Ingest dbt schema.yml descriptions into AI_CONTEXT

IDM1-AICONTEXT-003
Statusdone
Priorityp0
Milestonem1-ft-analytics-analyst-pilot
Ownerdata-ai-engineer-architect
Initiativedescription-enrichment

Problem

dbt projects contain rich human-authored descriptions for models and columns in schema.yml files, but the AI_CONTEXT pipeline does not ingest them. Pilot analysts using Dataface against dbt-managed warehouses get metadata that ignores the semantic documentation their dbt teams have already written.

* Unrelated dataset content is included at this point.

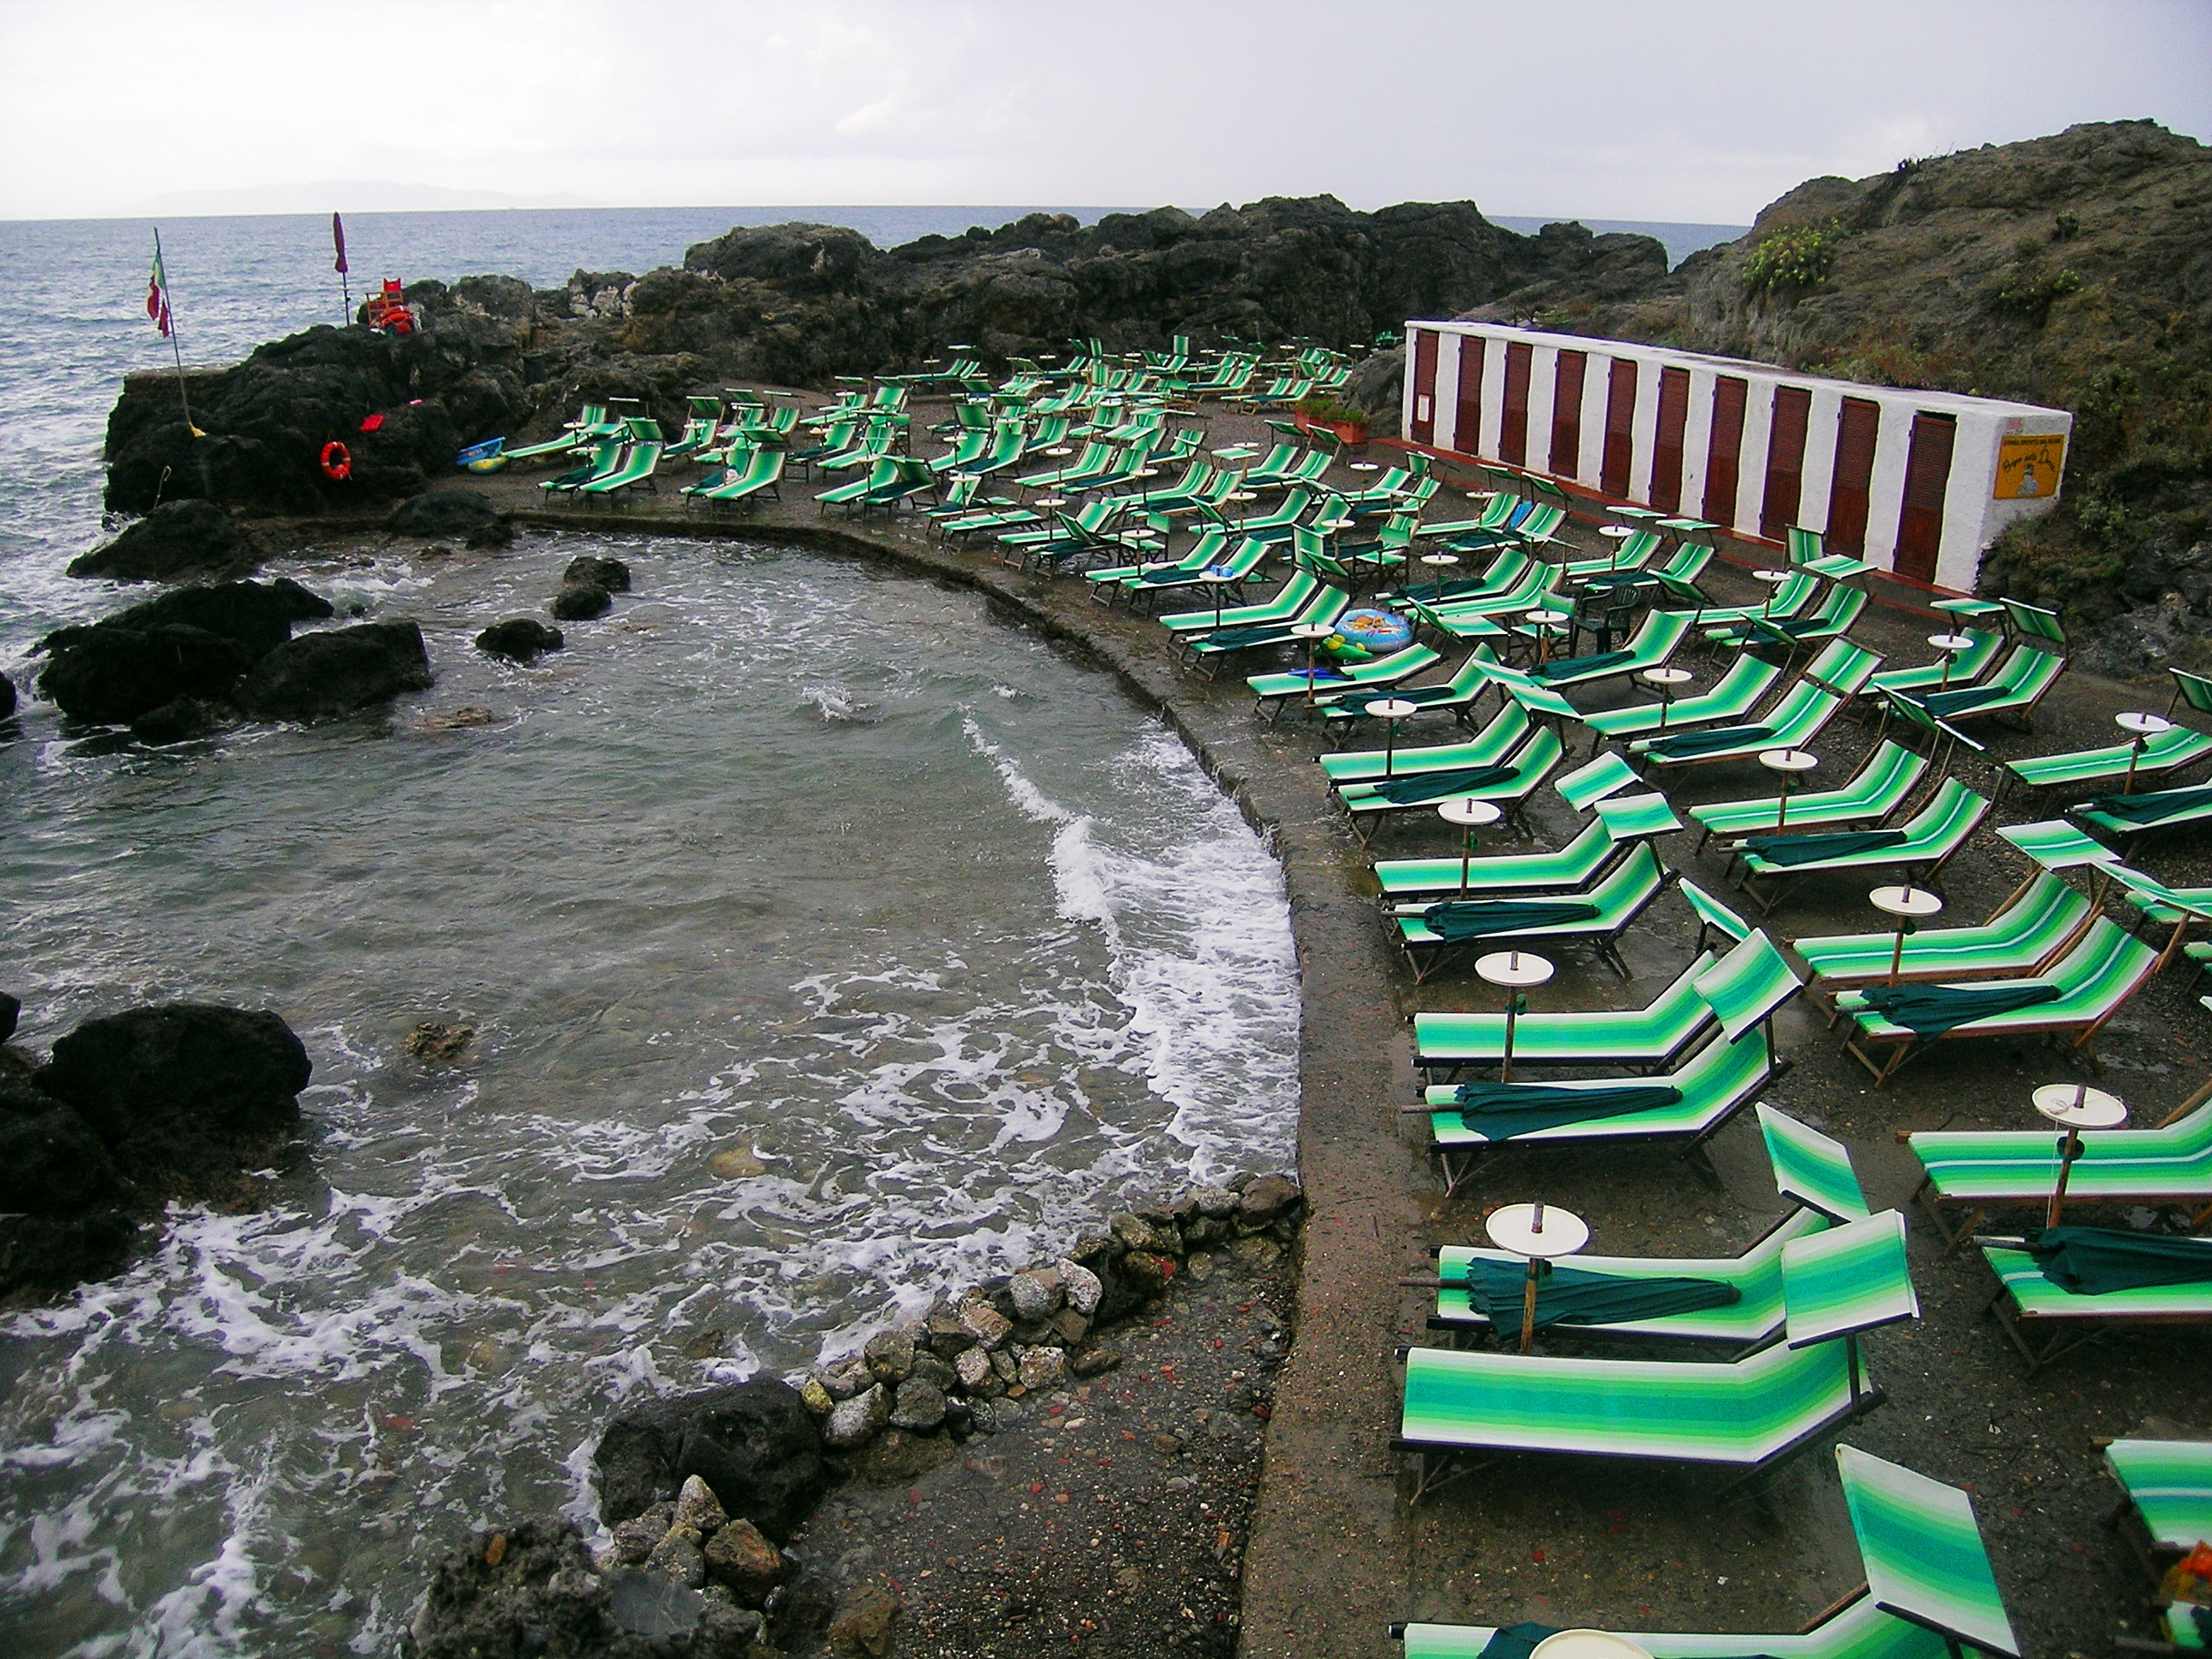 File talamone bagno donne wikimedia commons - Ragazze spiate in bagno ...

This is the highest-value description source for dbt-native users and its absence significantly reduces context quality for the pilot's primary audience.

Context

  • dbt model and column descriptions are ingested and linked to AI_CONTEXT entities.
  • Conflicts with inferred descriptions are resolved via documented precedence rules.
  • Pilot agents can retrieve dbt-authored semantics through MCP context outputs.

Possible Solutions

Plan

  • Implement dbt schema parser/mapper for AI_CONTEXT entity IDs.
  • Handle missing/renamed model mappings with explicit warnings.
  • Add tests for merge behavior and precedence with profile-derived metadata.
  • Document ingestion assumptions and required dbt project structure.

Implementation Progress

  • Implemented dataface/core/inspect/dbt_schema.py (DbtSchemaParser + merge_dbt_descriptions), wired into MCP catalog via _enrich_with_dbt helper
  • 19 tests in tests/core/test_dbt_schema.py covering parser, mapping, and MCP integration
  • Two cbox review rounds: R1 fixed dead code, swallowed warnings, not-profiled path skip, added cached-path test; R2 fixed dead logging import and spurious single-table warnings
  • 77 tests pass (19 new + 58 existing), no regressions
  • Docs checklist item deferred — inline docstrings cover parser/warning semantics
  • Description priority merge engine landed in PR #500 (consumer of these sources)

Review Feedback

  • Two cbox review rounds completed, all blocking issues resolved
  • Review verdict: APPROVED

  • [x] Review cleared